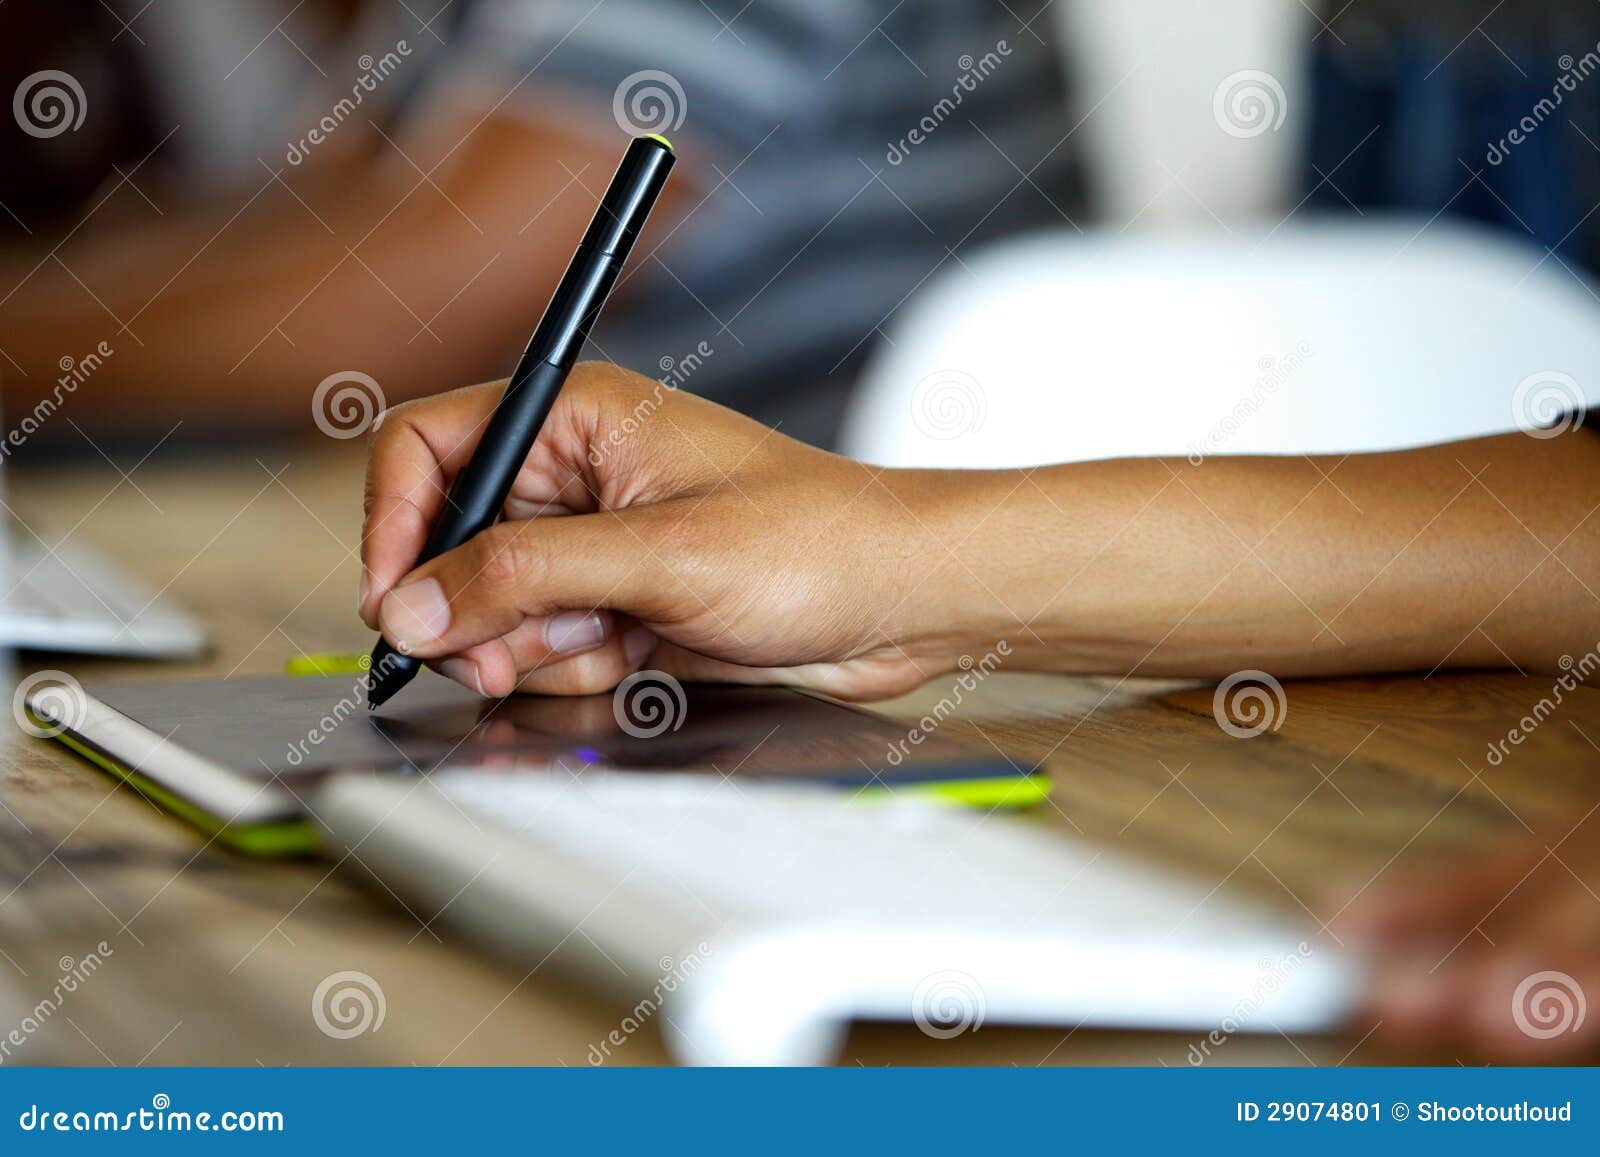 Graphic designer using tablet. Hand of a graphic designers while using a stylus.
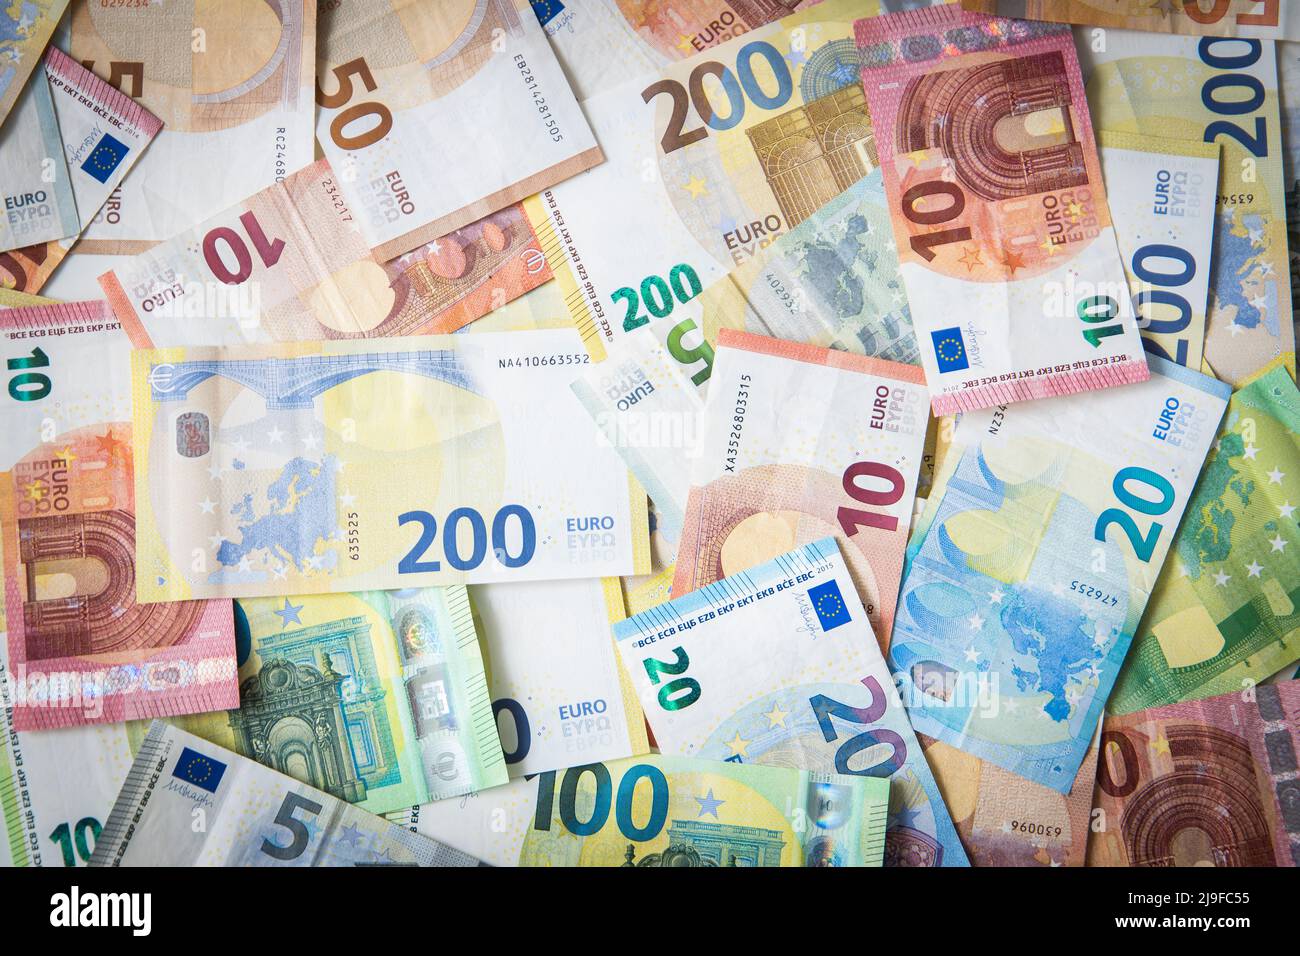 Lots of different Euro banknotes shown as a mess Stock Photo
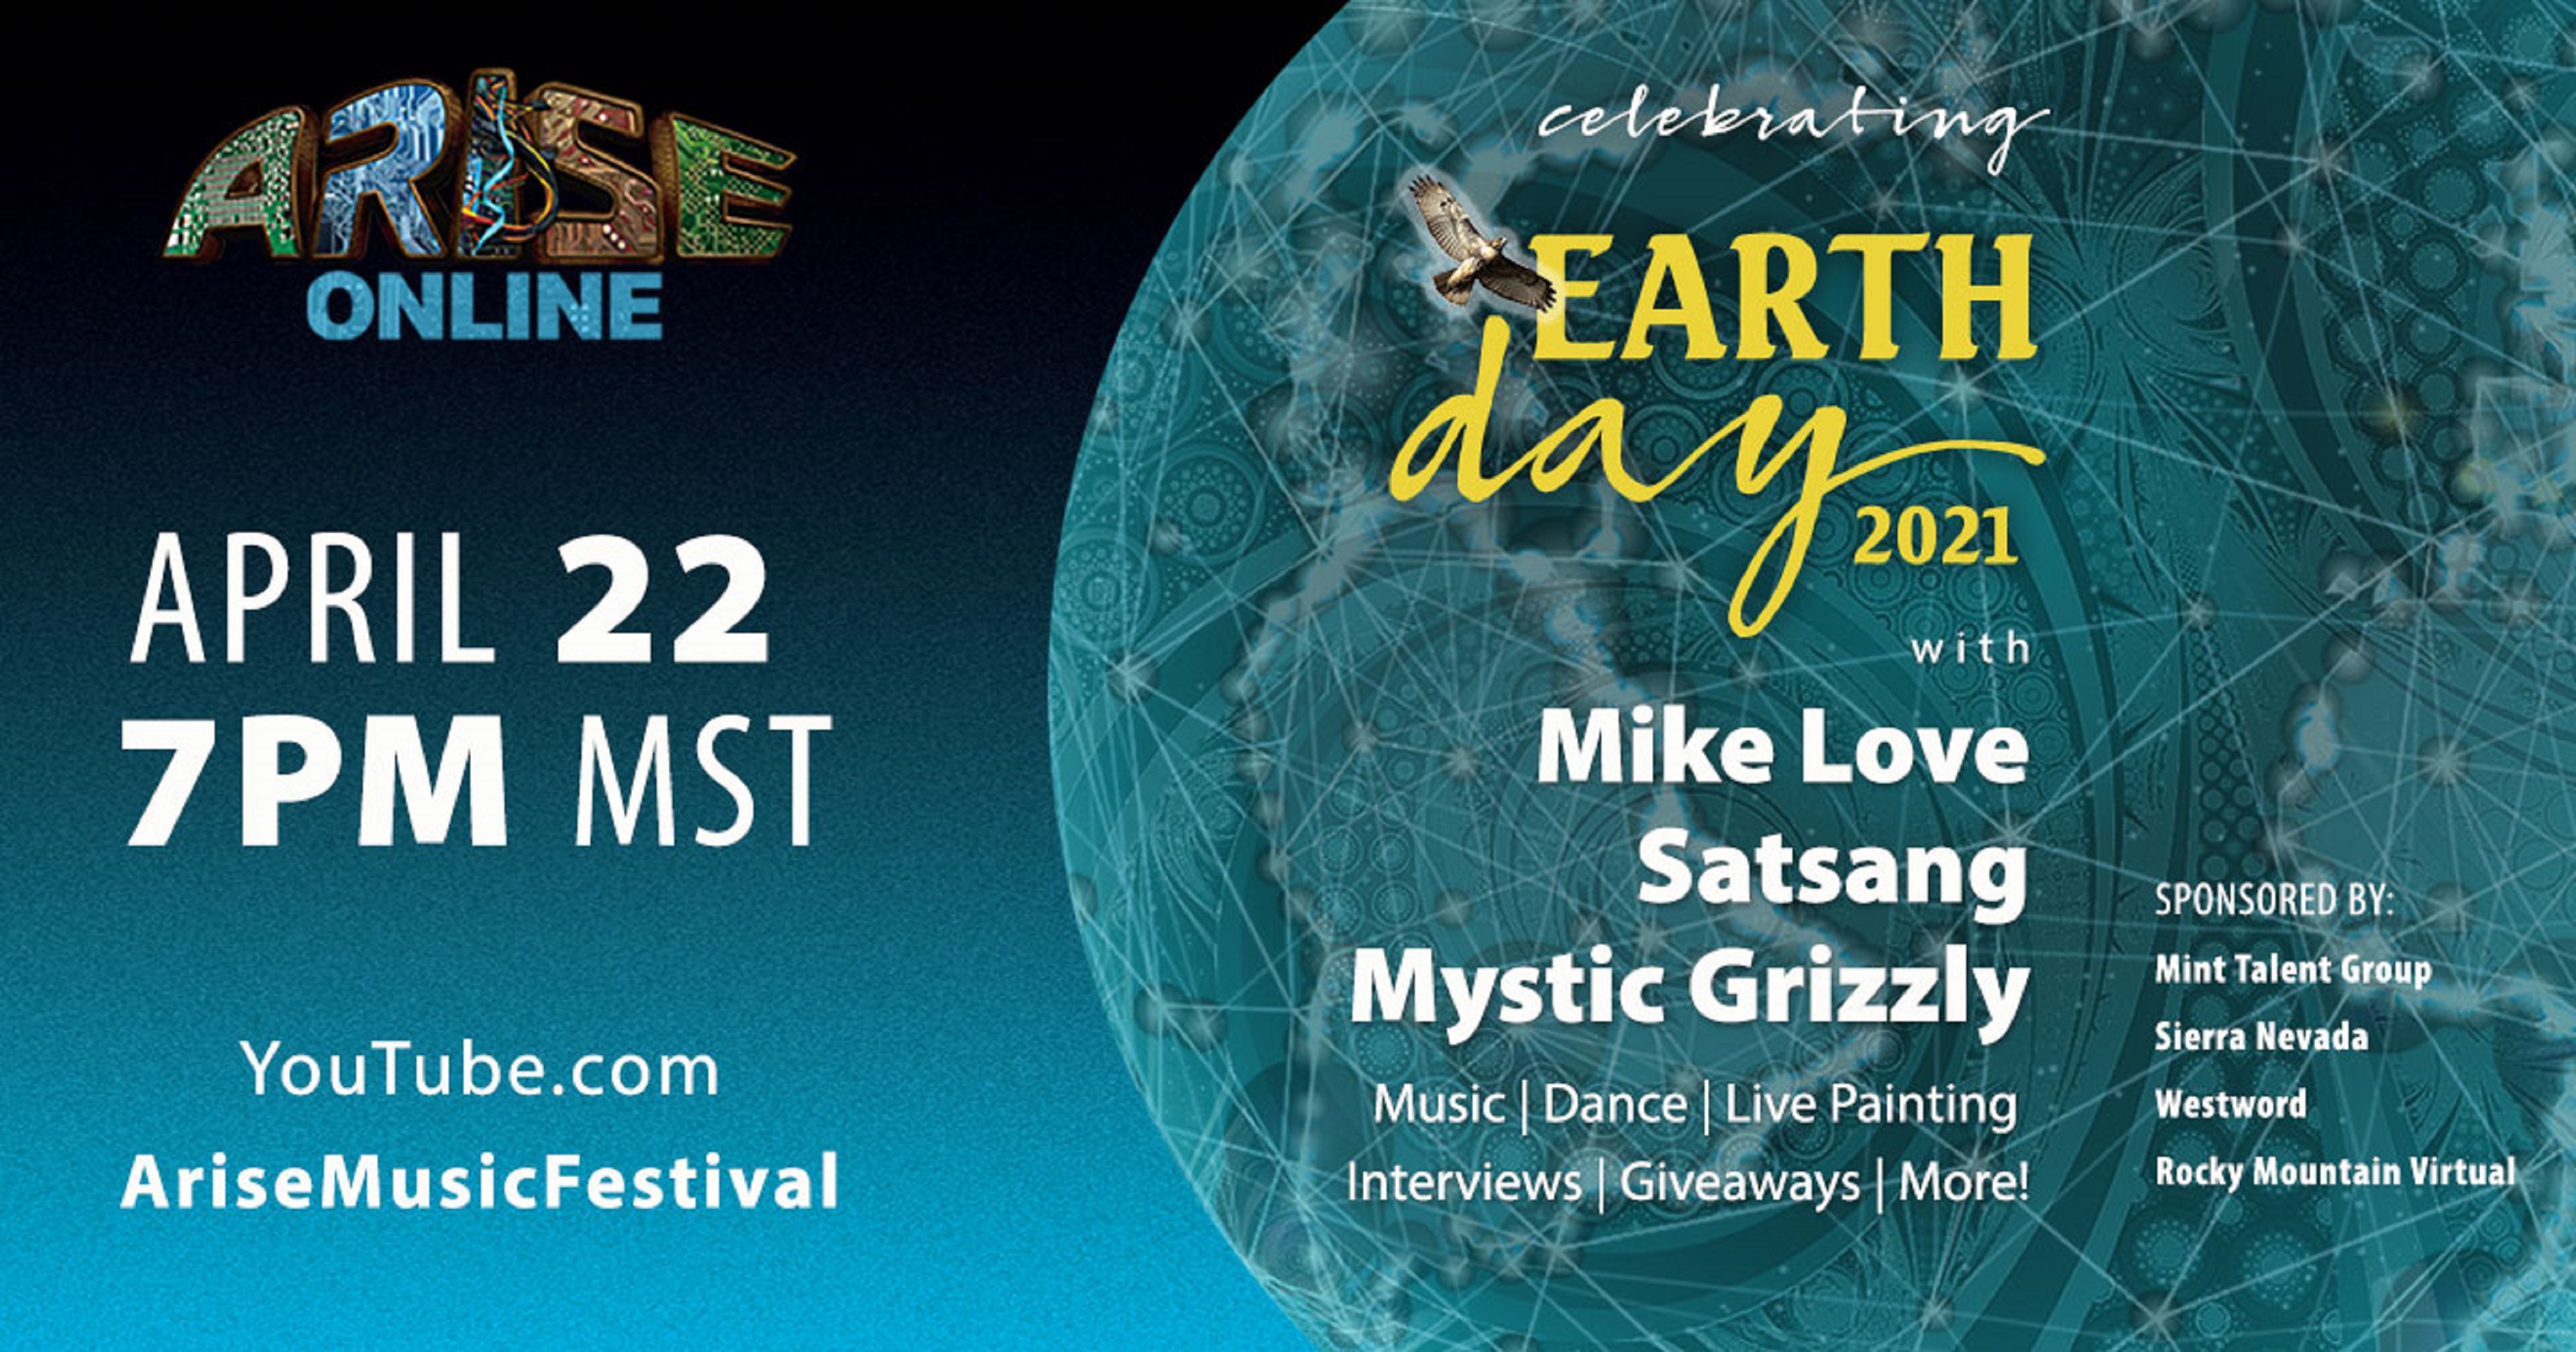 Arise Music Festival teams up with Mike Love, Satsang, Mystic Grizzly and more for ARISE Online: Earth Day 2021

══════════════════════════════

Where the data contains images, drop them and print the rest exactly.

> **Exercise answer**:
 Graphic designer using tablet. Hand of a graphic designers while using a stylus.
 Lots of different Euro banknotes shown as a mess Stock Photo
 Arise Music Festival teams up with Mike Love, Satsang, Mystic Grizzly and more for ARISE Online: Earth Day 2021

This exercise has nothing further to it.